Notice that in order to continue, it tells me (twice) that I have to press "Pay". Can you see any button labeled "Pay" on the screen?

If you are itching to tell me what I should have done, you are missing my point.

I'm not asking you to tell me what I should do. I am well aware that the business about clicking on "PAY" is just a mistake, and they probably want me to click on either "CHECK OUT" or "SUBMIT" (it actually isn't clear which; and by the way, I always think "Submit" is a very poor choice of verb, with its ambiguity between "hand it over to us" and "yield to our domination", as in "We will continue tightening these screws on your thumbs until you submit").

My point is not about how to complete the purchase. It is to draw attention to this question: How much attention can they possibly be paying to the user experience when they tell me to "Press Pay" and put nothing on the screen that says "Pay"?

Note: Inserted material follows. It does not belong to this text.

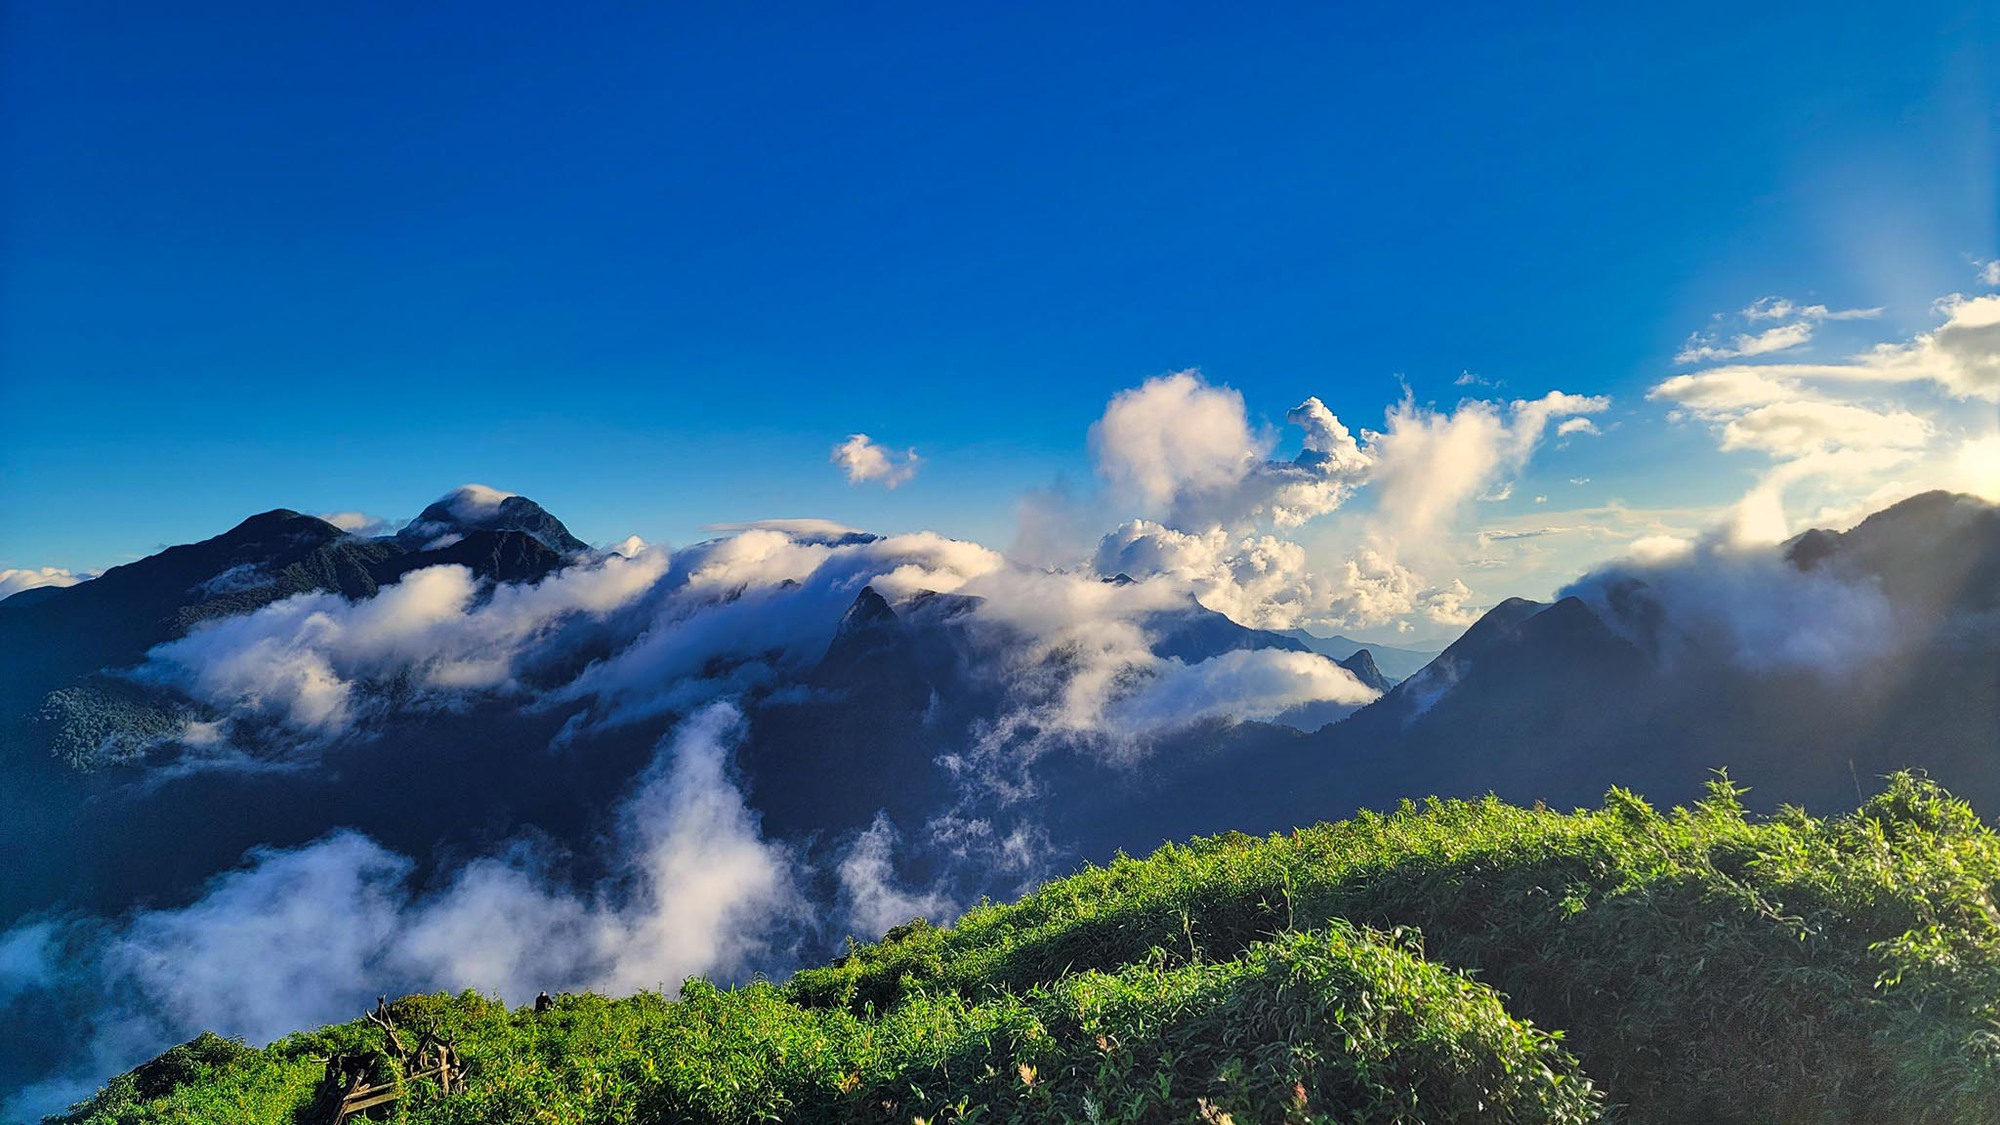 Băng rừng 2 ngày ngắm ‘quỷ núi’, săn hốc đá hình ‘trái tim’ Nhìu Cồ San-một ngọn núi cao ở Lào Cai - Ảnh 9.

It's a further illustration of something about the quality of machine-to-human interface programming that I have often mentioned here on Language Log and twice written about on Lingua Franca (here and here).

The simplest way to describe the attitude of software engineers and companies to linguistic interfacing with their customers would be to say that they do not give a monkey's fart about such matters. Not only do they never have a linguist check the use of language in the programs they expect us to use (that'll be the day), they don't have anybody at all checking it.

If they program interfaces this carelessly, just how likely is it that robots are going to respect the Three Laws of Robotics?